A word-for-word retyping of the listing below is required, with the pictures dropped.

_Provided data:_
________________________
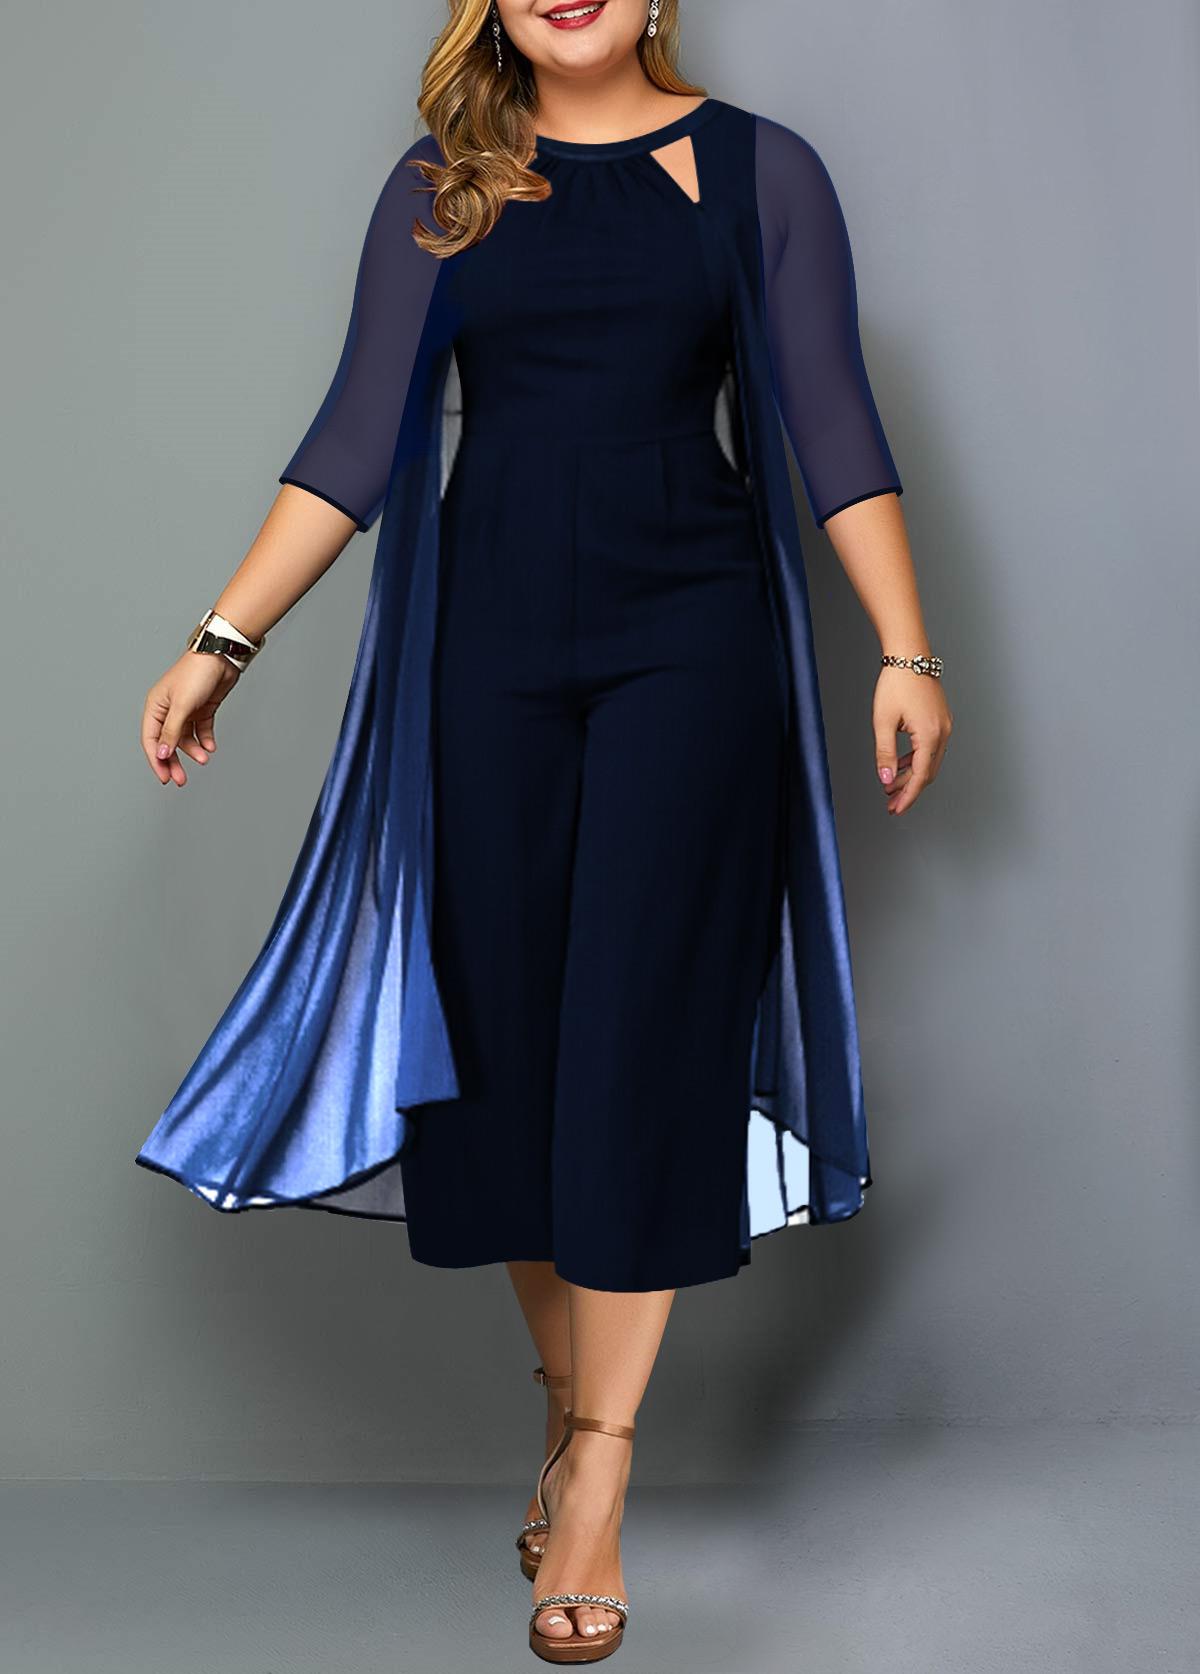 Gradient Chiffon Overlay Plus Size Jumpsuit
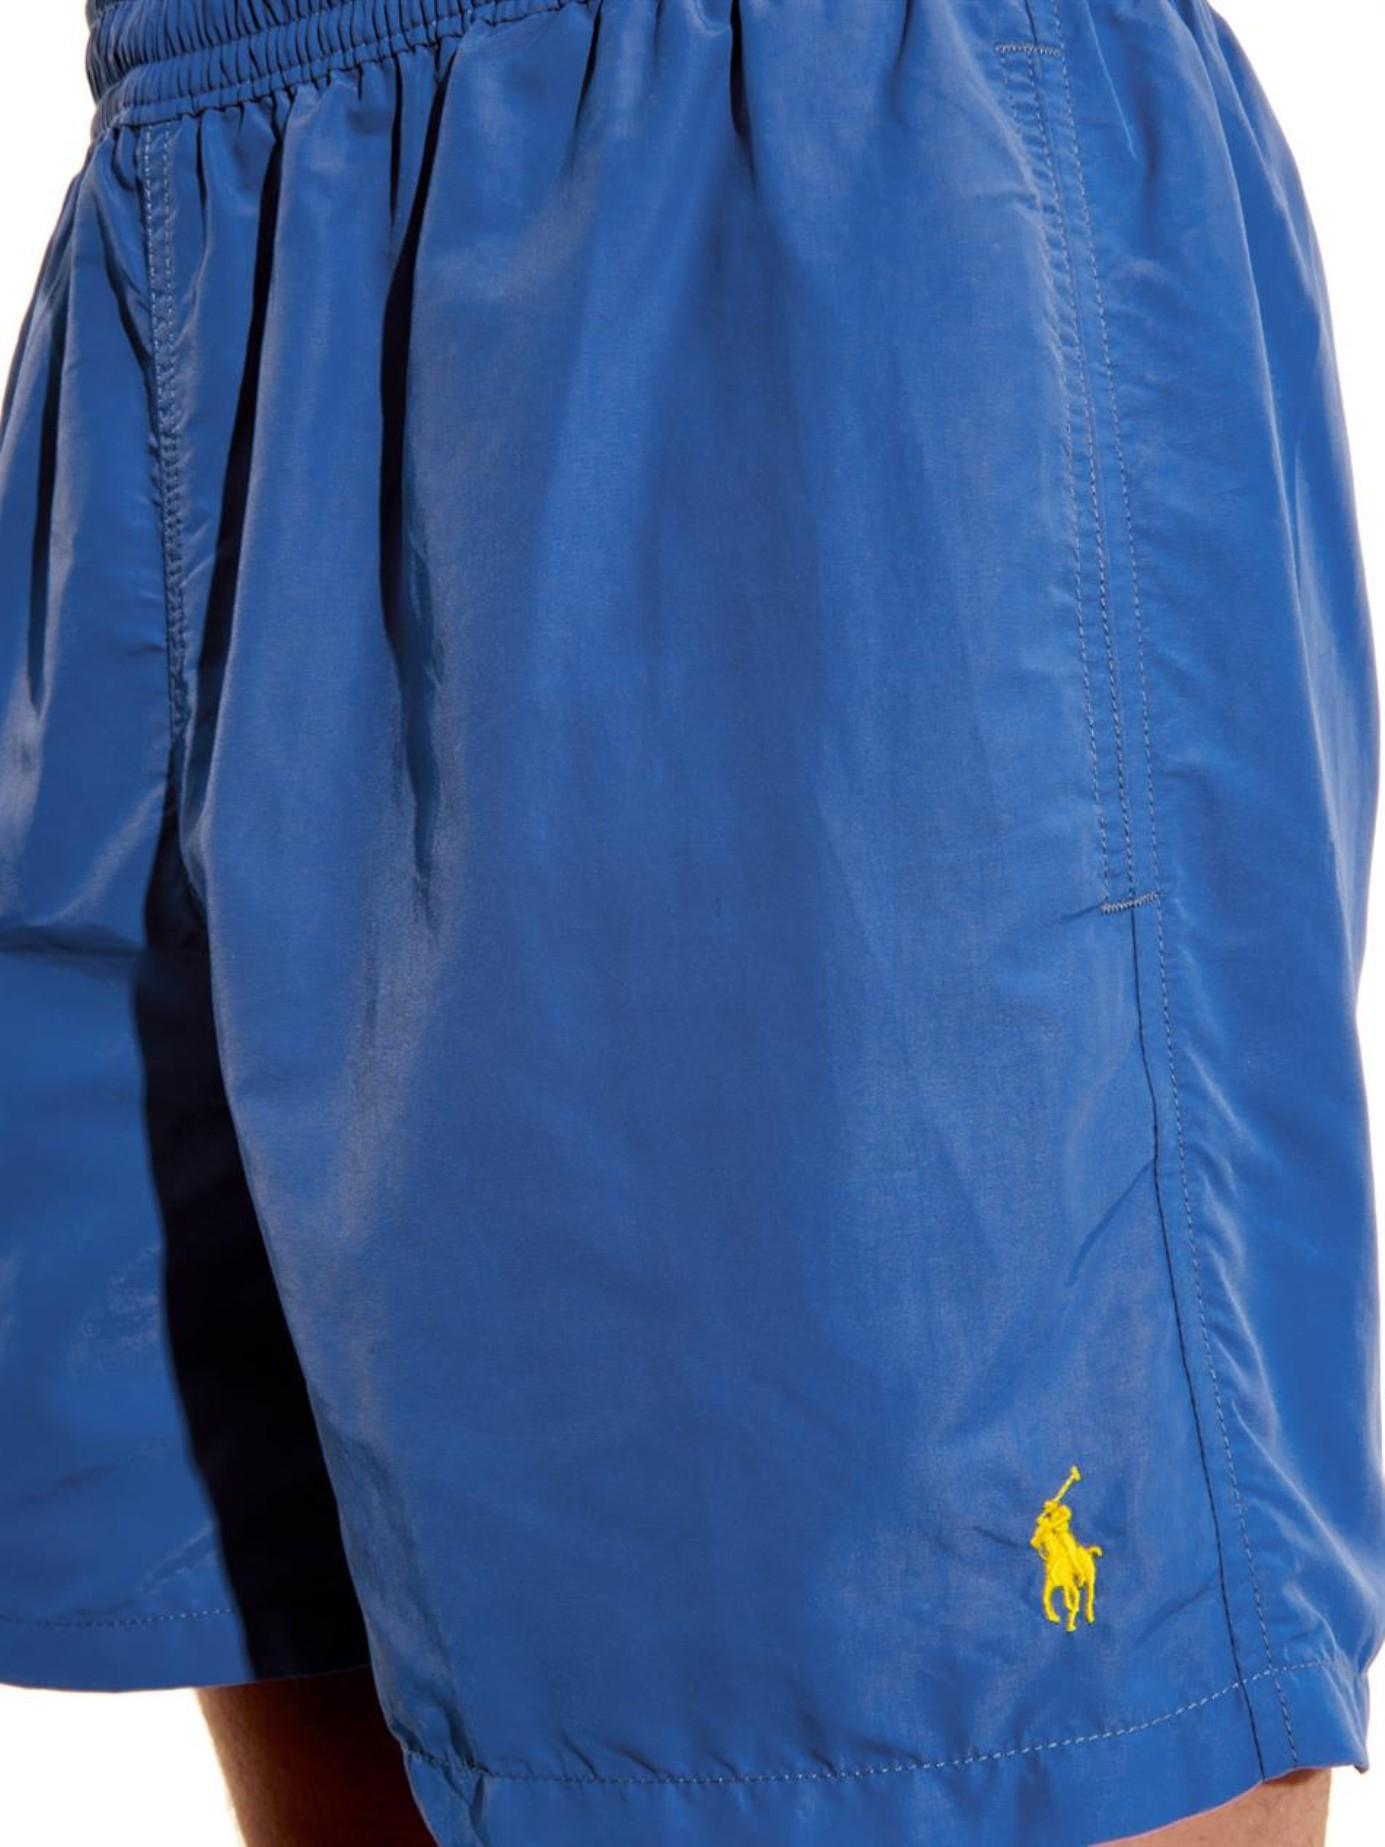 polo ralph lauren hawaiian 5 swim boxer in yellow for men. Black Bedroom Furniture Sets. Home Design Ideas
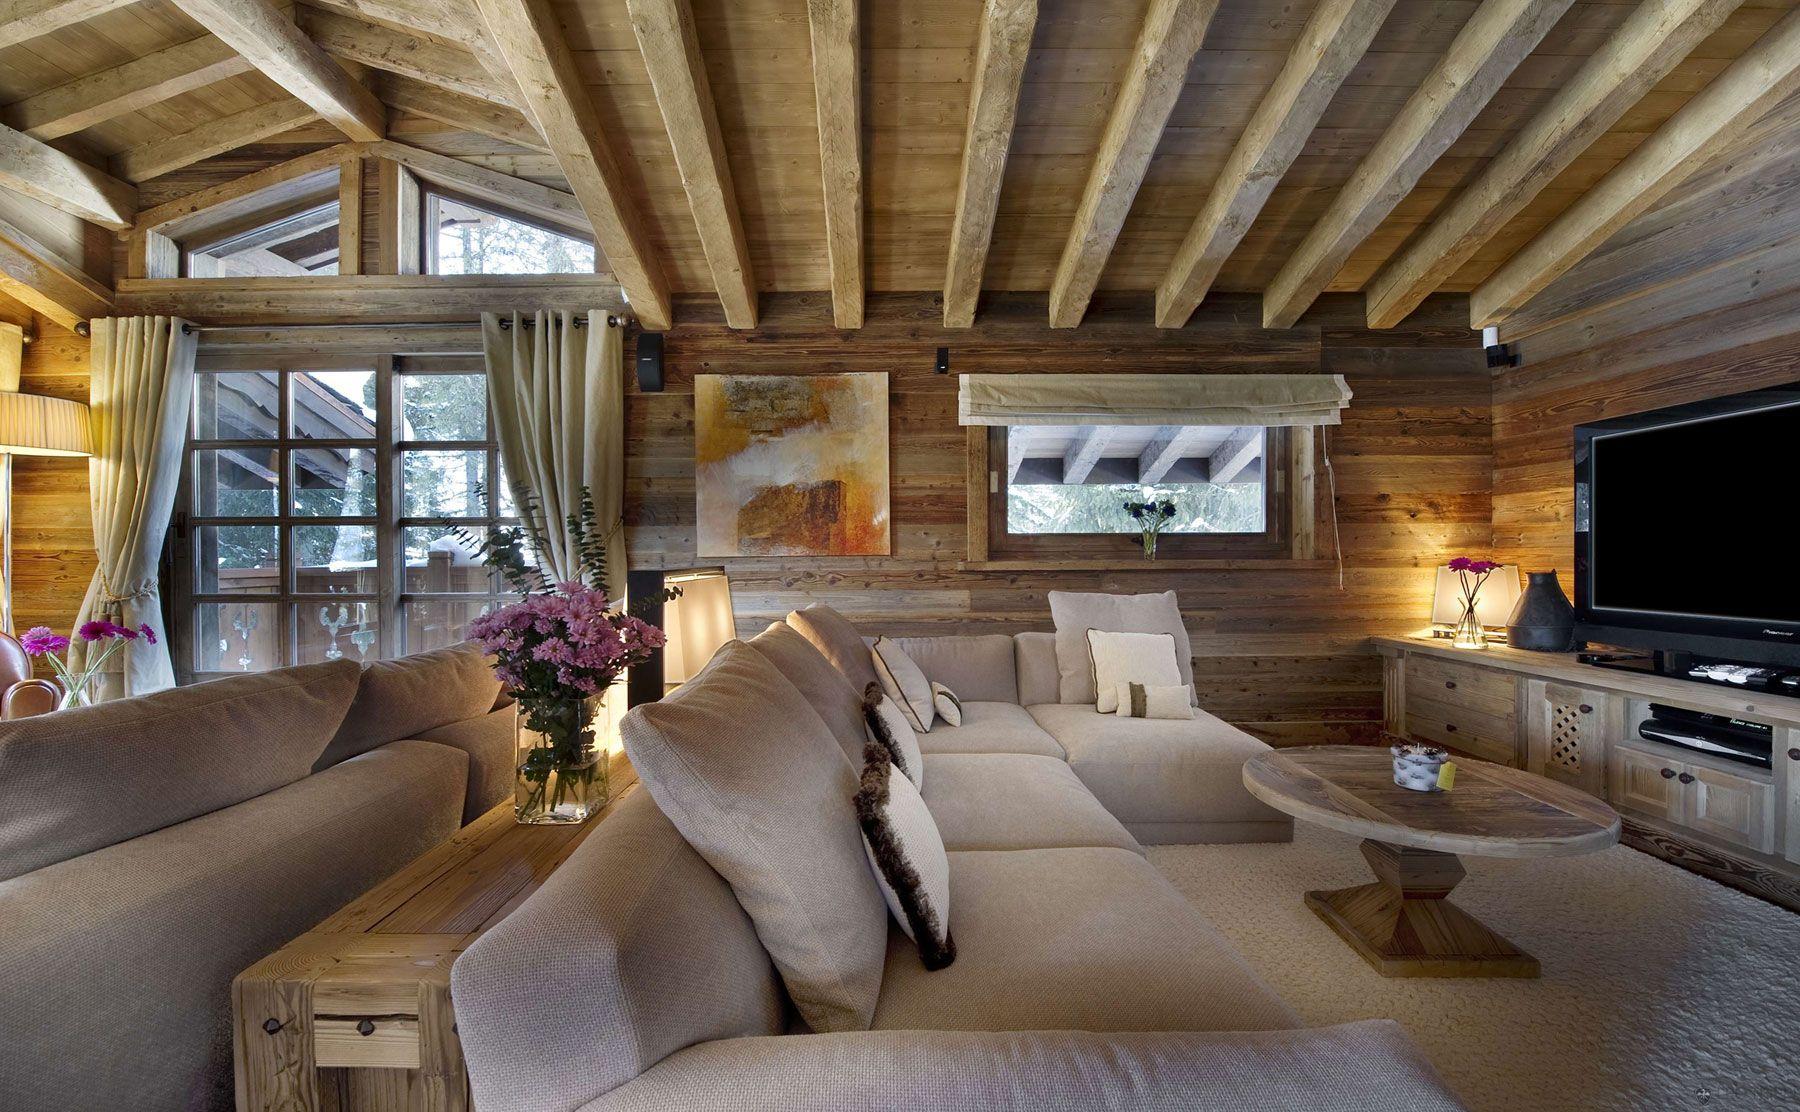 Moderne Innovative Luxus Interieur Ideen Furs Wohnzimmer Weiss Moebelstuecke Idee Design Wohnbereich
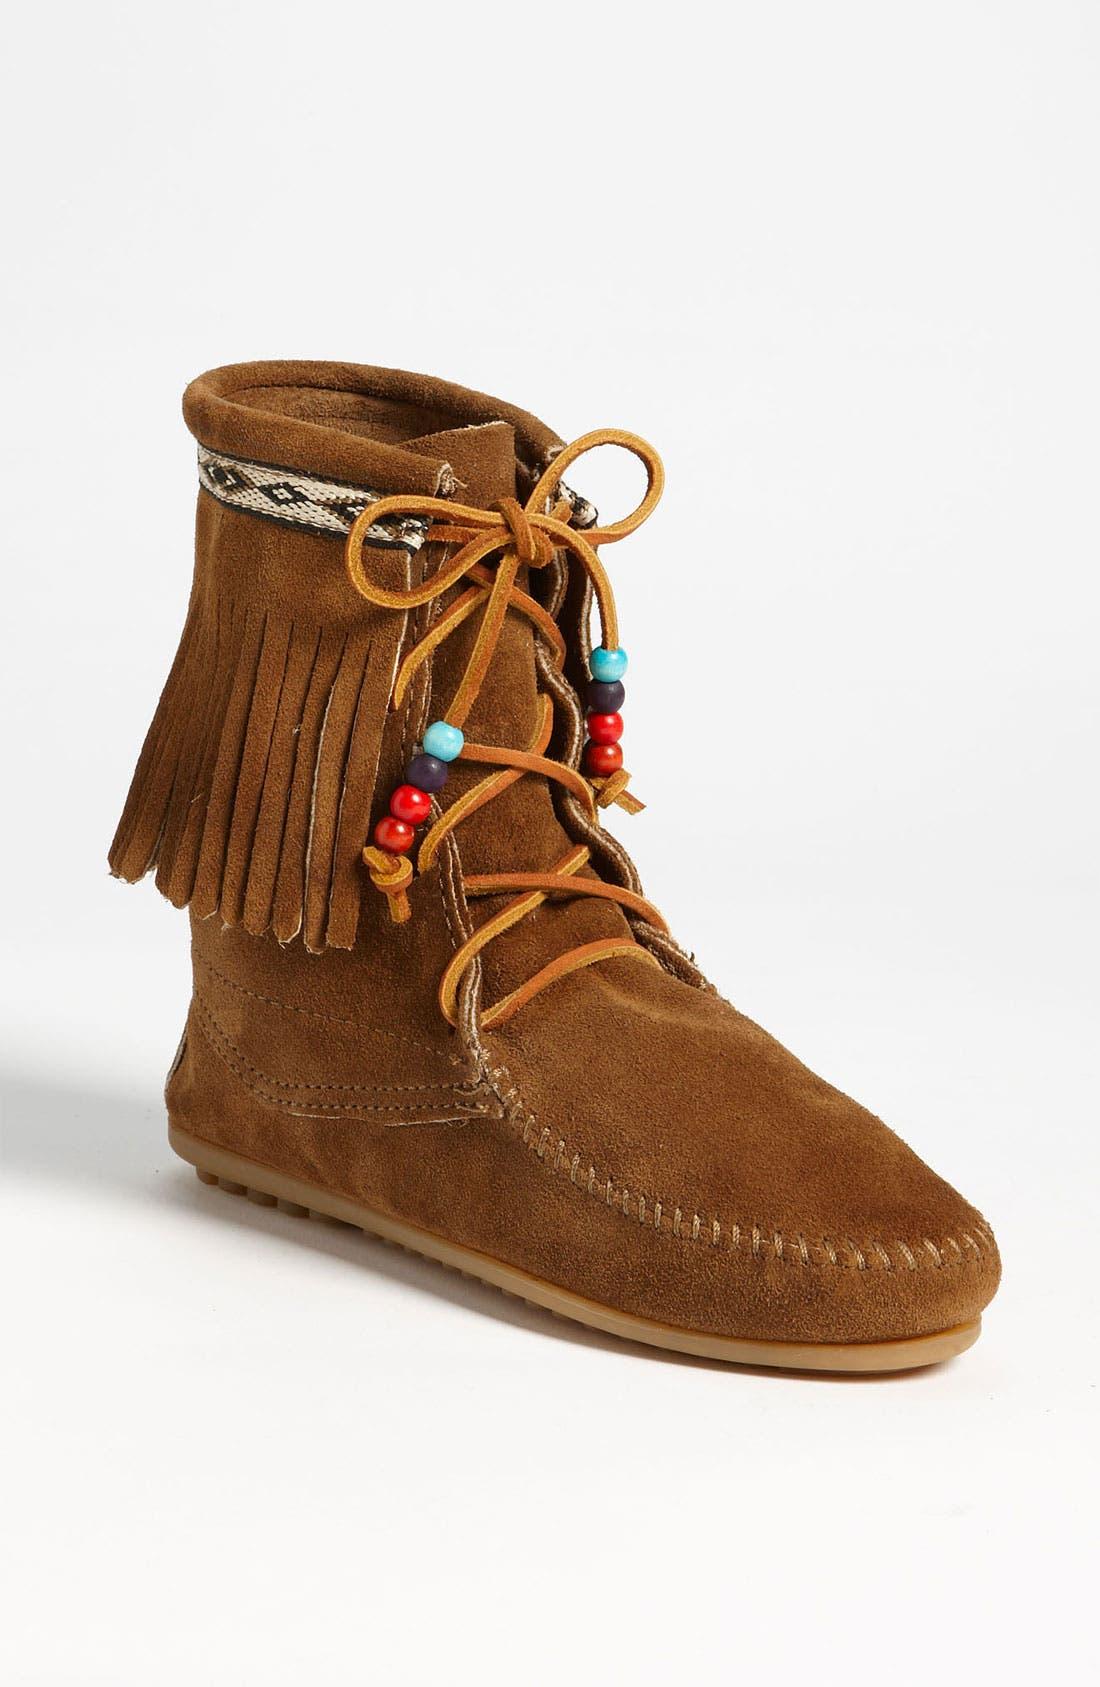 Main Image - Minnetonka 'Beaded Tramper' Boot
________________________
_Response for this exercise:_
 Gradient Chiffon Overlay Plus Size Jumpsuit
 polo ralph lauren hawaiian 5 swim boxer in yellow for men. Black Bedroom Furniture Sets. Home Design Ideas
 Moderne Innovative Luxus Interieur Ideen Furs Wohnzimmer Weiss Moebelstuecke Idee Design Wohnbereich
 Main Image - Minnetonka 'Beaded Tramper' Boot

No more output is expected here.